Gaskell and company have returned to Labcentral, and we see him and Vera heading up in an elevator. The pair go to the insulation room where Eliot is located. He lets them in and then Gaskell confronts him with the latest edition of The Daily Globe, containing the headline: LABCENTRAL CHIEF ADVISES H-BOMB FOR KRONOS! Under that is Pentagon Gives Dr. Eliot OK. Gaskell thinks it is a bad idea, but Eliot tells him preparations are already underway. Eliot questions Gaskell on his belief that anything could withstand such a blast. Gaskell says that not only does he think Kronos will survive it, but absorb that energy to make itself stronger. He tries to make a case for not bombing it, but since he doesn’t have an alternative plan, Eliot dismisses him, saying that since Kronos has turned inland, they must hit it now before it reaches a populated area.

A stock footage bomber lifts off from a desert base somewhere.
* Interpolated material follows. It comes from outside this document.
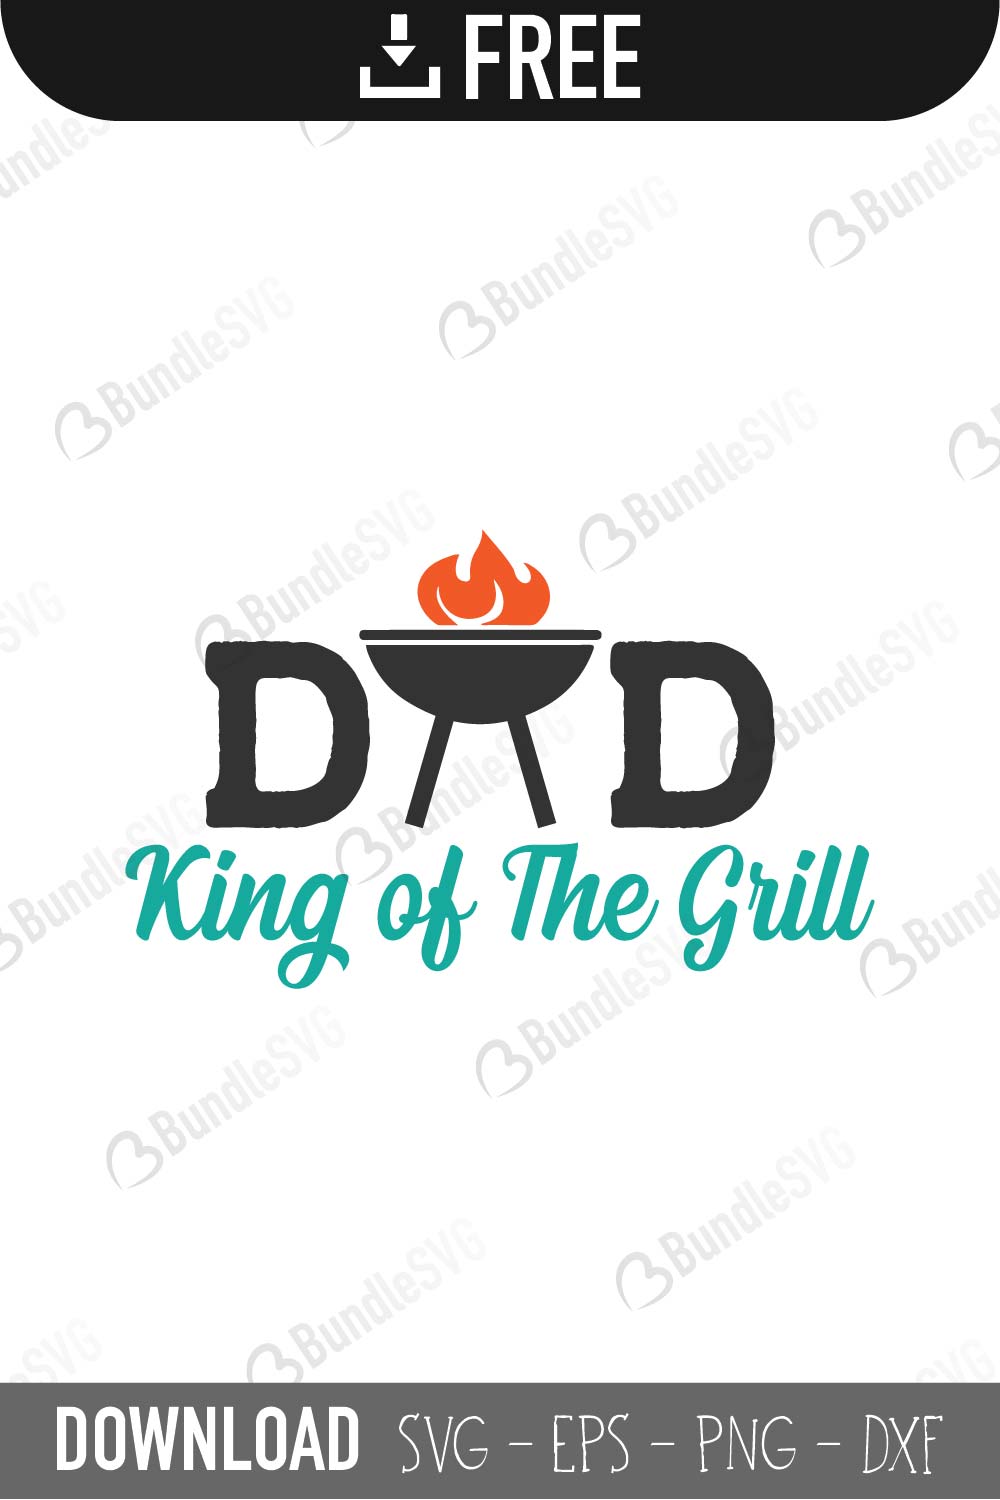 Dad King Of The Grill Svg Cut Files Free Download Bundlesvg

Meanwhile Vera is trying to find Gaskell. She walks into one lab, sees someone at a desk and before she realizes that it is Dr. Eliot, she blurts out something about the hospital calling. Knowing that the message contained something about him, Eliot confronts her but she tries to get away. He grabs her and she screams. He pushes her over by a big machine that says Danger – High Voltage, most likely intending to do away with her much as he did with Dr. Stern. However, Vera’s screams have alerted Gaskell, who comes running in and struggles with Eliot. Finally, Eliot gets pushed up against the panel and gets electrocuted.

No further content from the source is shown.